Kostenlos und generationenübergreifend
Das Lesecafé ist ein kostenloses, generationsübergreifendes Bildungsangebot, das Eltern und Kinder, mit oder ohne Migrationshintergrund, anspricht. Der Fokus liegt nicht nur auf der Entwicklung der frühen Lese- und Schreibfähigkeit junger Kinder, sondern auch auf der Verbesserung der Lesefähigkeiten der Eltern. Außerdem sollen die Eltern ihren Kindern helfen können, lesen und schreiben zu lernen. „Rund 60 bis 70 Personen kommen regelmäßig ins Lesecafé. Insbesondere Mütter mit Migrationshintergrund mit geringen Sprach- und Schriftkenntnissen scheinen sich zu interessieren“, freut sich Sabine Betz, Sozialarbeiterin und Mitarbeiterin des VBW Klarenthal, die für die Organisation des Lesecafés zuständig ist. Unterstützt wird sie dabei von zahlreichen Ehrenamtlichen sowie im Bereich Sprachförderung von Caro Katzenbach.
Beim Lesecafé gibt es feste Rituale und Abläufe. Es basiert auf dem Konzept „Family Literacy“, das auf den drei Säulen „Elternzeit“, „Kinderzeit“ und „Familienzeit“, also auf der Arbeit mit zwei Generationen, fußt. Die Elternzeit, der „Mami-Treff“, ist von 14.30 bis 15 Uhr. Dann werden für die Eltern-Kind-Arbeit drei Stationen zum Lerngegenstand (aktuell „Gefühle“) aufgebaut, an denen zum Thema folgende Aktivitäten stattfinden: Vor(lesen), (kreatives) Schreiben, Lieder singen, Basteln und Spielen.

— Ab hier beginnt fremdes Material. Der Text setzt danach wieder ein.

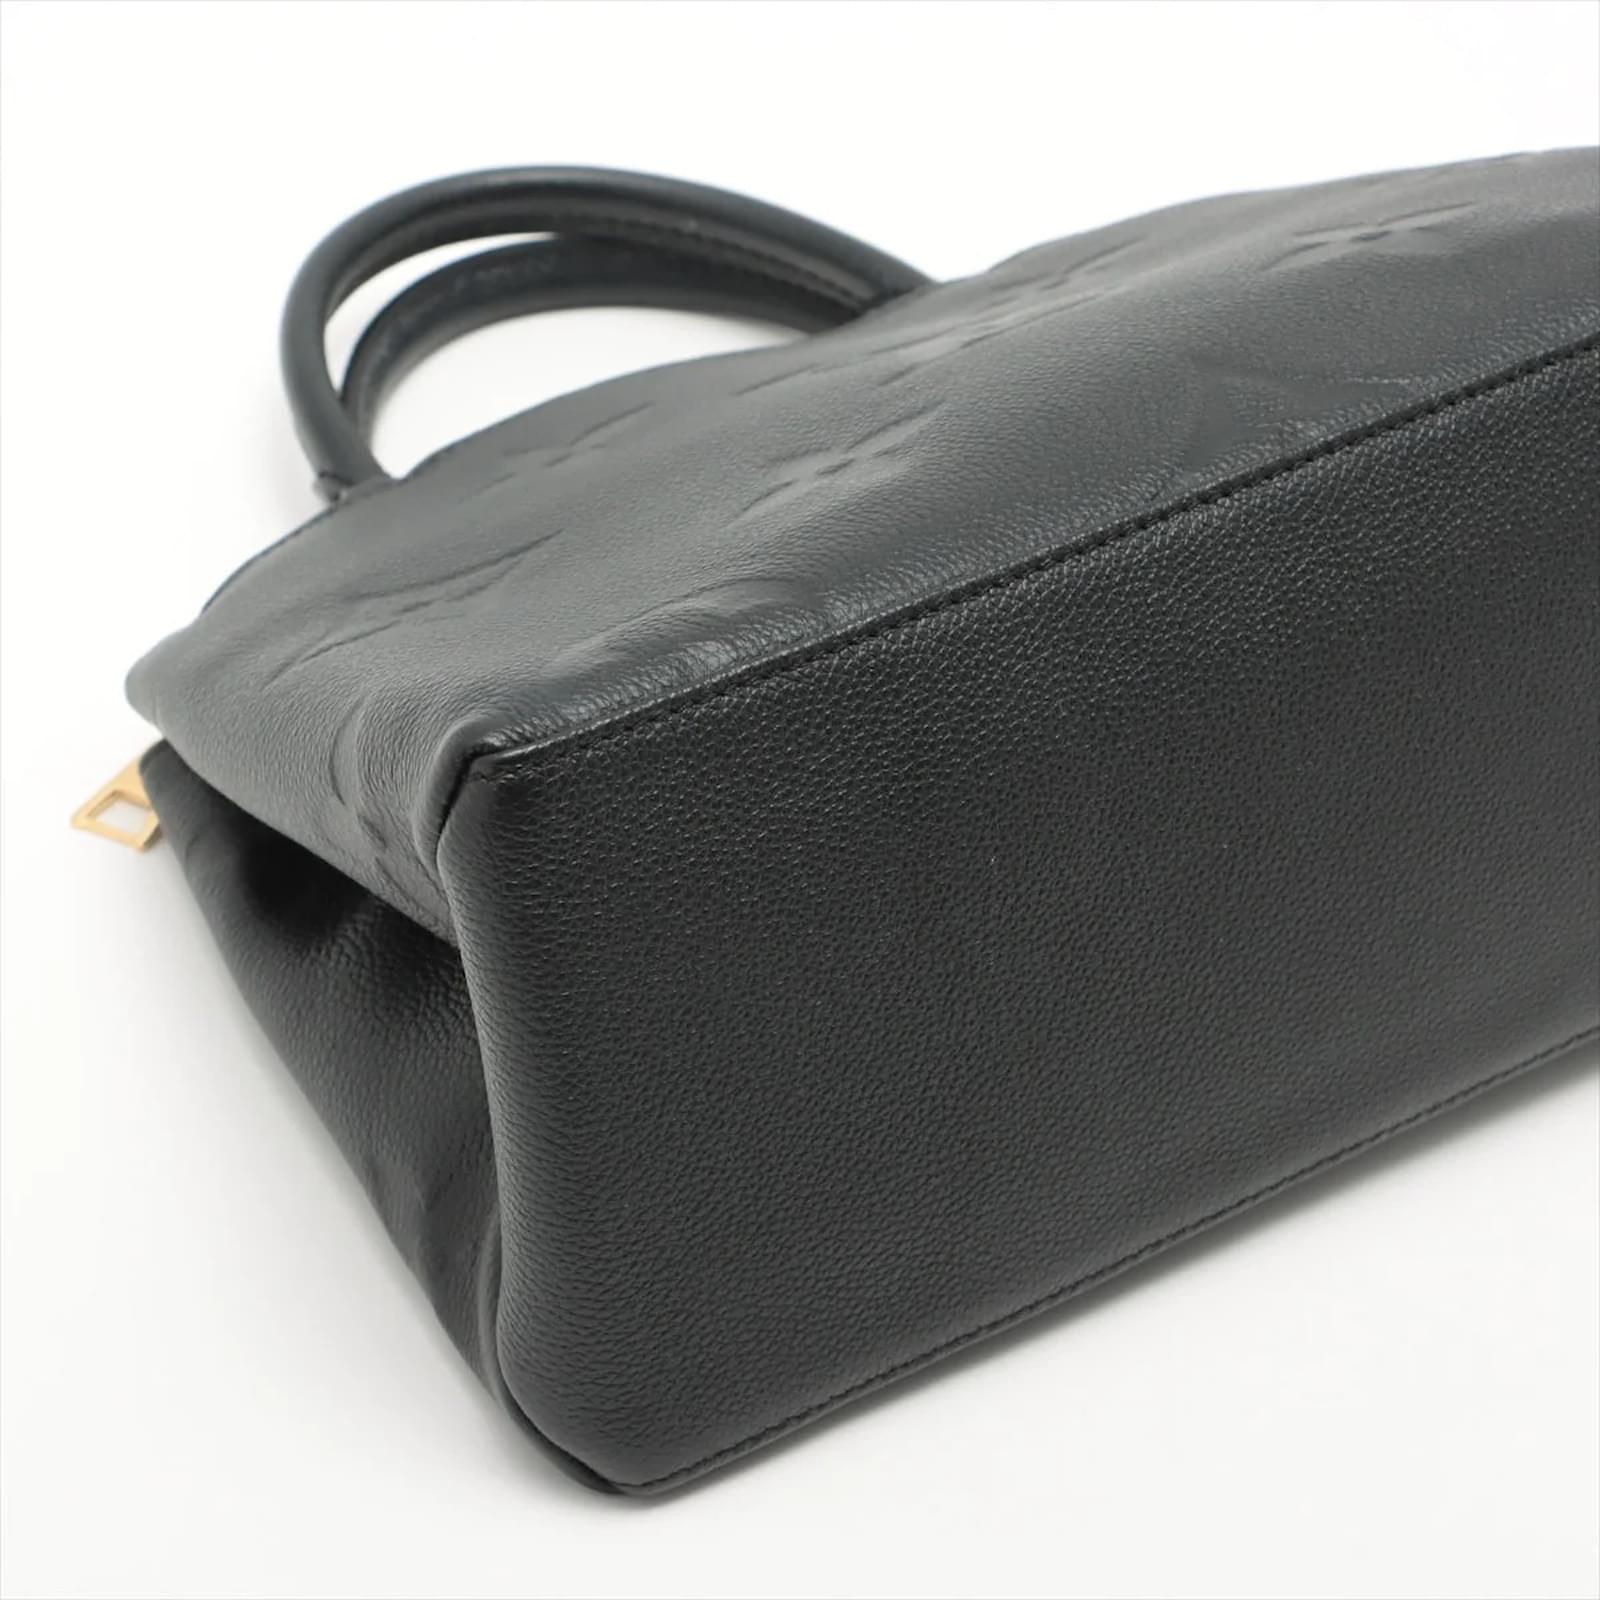 Petit Palais Monogram Empreinte Leather - Women - Handbags

An diesem Donnerstag werden zum Beispiel Bücher wie „Ich und meine Gefühle“ von Holde Kreul gelesen, anschließend gemeinsam Bildchen ausgeschnitten und die unterschiedlichen Gefühle den darauf abgebildeten Gesichtern zugeordnet. Den Abschluss bildet ab 16 Uhr eine Kaffee- und Kuchenrunde, gefolgt von einer Präsentation der Ergebnisse und Aktivitäten an diesem Nachmittag.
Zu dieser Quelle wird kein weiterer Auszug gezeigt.